- Location: Ransomville, New York, U.S.
- Date: January 10, 1896

= Lynching of George Smith =

1896 killing of accused murderer in Ransomville, New York, U.S.

The killing of George Smith took place on January 10, 1896, in the village of Ransomville, Niagara County, in the U.S. state of New York. Smith, a white English immigrant, had allegedly murdered his father-in-law, a farmer named Robert Clapsaddle. A posse or mob formed, trapped Smith in a house, and exchanged gunfire with him. Smith was shot and died later that day. Although the coroner claimed Smith committed suicide, sources have described Smith's death as a lynching, one of only a handful in New York state history.

== Background ==
George H. Smith was allegedly unpopular in Ransomville. The Buffalo Times labeled him "one of the roughest characters ever to infest this community." He was a 45-year-old white man and immigrant from England. He was habitually unemployed and often drunk on whiskey. He had married to Clapsaddle's eldest daughter and had a 12-year-old son with her, but she had divorced him and remarried to a local man, John DeClute. Prior to the events of January 10, Smith had been arrested three times, twice for assaulting his father-in-law, whom he blamed for "alienating his wife's affections." More recently, Smith had been convicted of perjury in an unrelated case and had been sentenced to Auburn Prison for five years, being released on November 1, 1895.

== Murder of Robert Clapsaddle ==
At 1 p.m. local time on Friday, January 10, Smith allegedly slinked into the house of Robert Clapsaddle, his 68-year-old father-in-law and a respected farmer who lived in what the papers called "moderate circumstances." Clapsaddle lived in a lonely cottage a mile south of the village of Ransomville with his wife, youngest daughter, and grandson (Smith's son). Smith fired his 38-caliber revolver, hitting Clapsaddle in the head, and fled. The farmer's youngest daughter witnessed the crime. The farmer died a half-hour after the shooting, just a few minutes after a physician arrived. Meanwhile, Smith walked cross-country in the direction of the DeClute house two miles away, prompting speculation that he intended to murder his ex-wife and her husband next.

== Killing of George Smith ==
News of the murder spread swiftly. A posse comprising 50 to 75 men formed under the direction of a police constable and three deputies. All carried rifles, shotguns, revolvers, or clubs.

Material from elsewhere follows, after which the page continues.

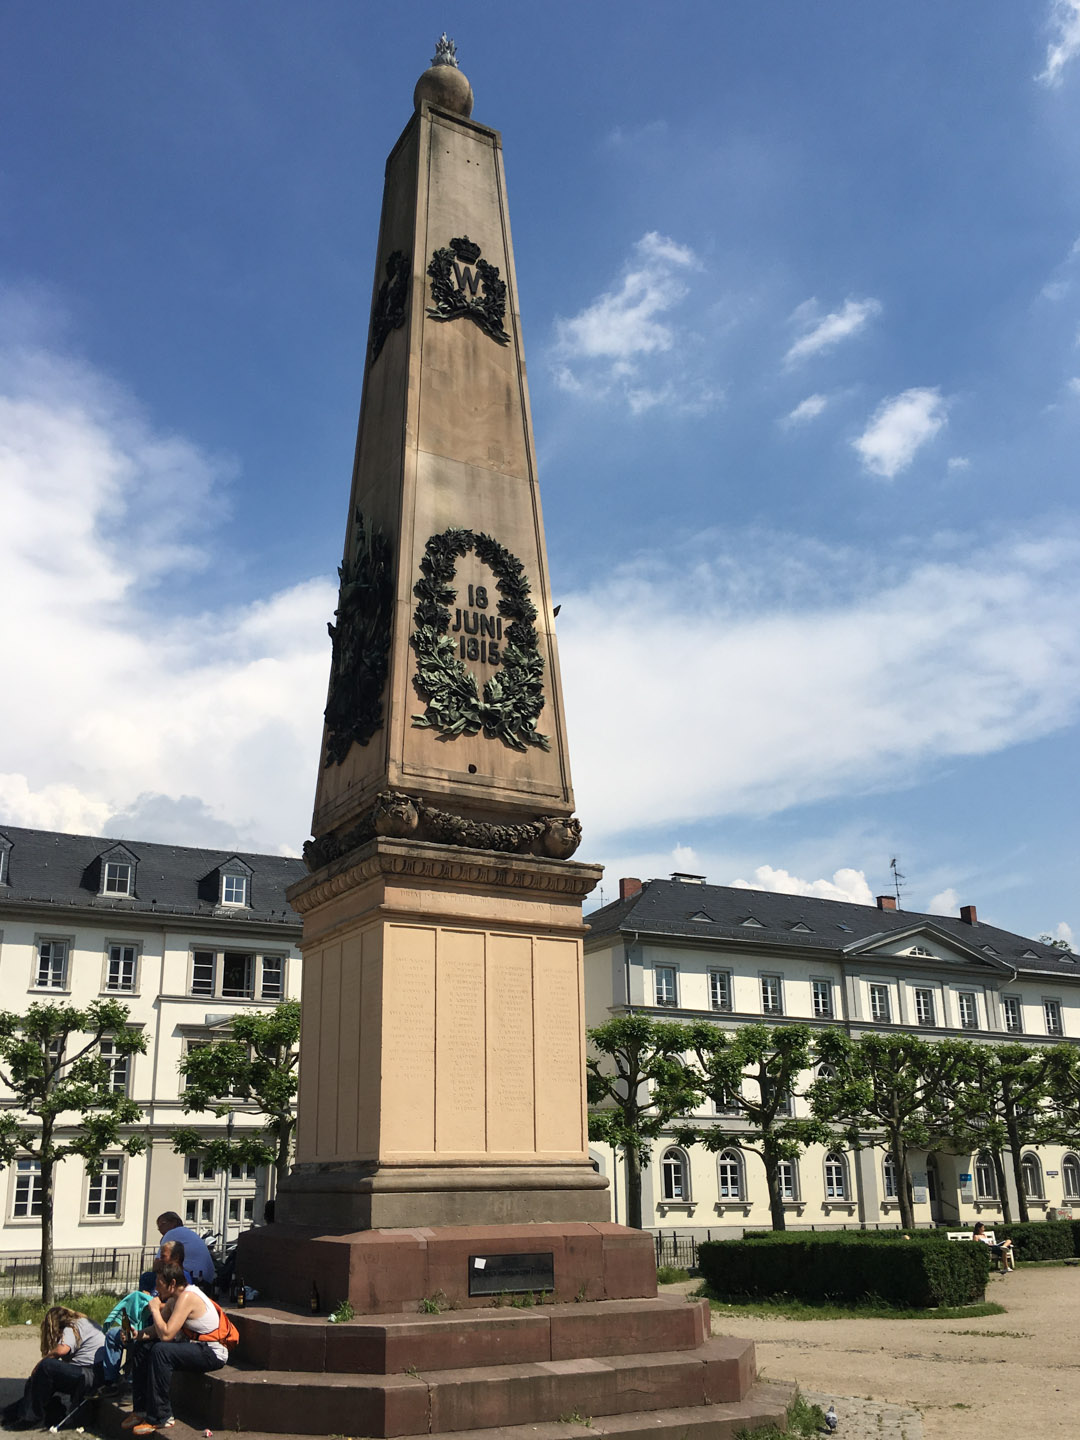 Inscription on the pedestal of the Waterloo-Obelisk: THE MEMORIES IN THE BATTLE OF WATERLOO FALLEN NASSAUER AM 18 JUNI 1815 Luisenplatz

They pursued Smith and caught up with him at 4 o'clock in the afternoon about a quarter of a mile away from De Clute's house. Smith took refuge in a nearby farmer's house. Minutes later, he shot and wounded one of his pursuers, Elmer Clapsaddle, a distant relative of the murder victim, in the wrist. The posse called on Smith to come out and surrender, and when he did not respond, opened fire on the house. The posse kept up the fusillade for several minutes before bursting into the house, where they found Smith bleeding and senseless on the floor, riddled with twenty bullets or buckshot charges. The fatal wound was allegedly a bullet in his head. Despite receiving medical attention, Smith died at around midnight. The Buffalo News reported that he regained consciousness near the end and uttered the defiant last words: "You can't get me alive, damn you. I am nearly dead."

== Aftermath ==
Ransomville held an inquest into Smith's death on January 13. The coroner declared that Smith had committed suicide by shooting himself in the head with his own revolver, despite his many injuries caused by the posse's gunfire. This verdict was convenient for the community, whose members sought to avoid the risk of prosecution for the vigilante killing as well as the taint of "lynching" associated with their town. "Instead of going to the great lengths necessary to defend their unusual decision to lynch a white person," concluded one historian, "they chose to cover up his lynching and portray it as a suicide."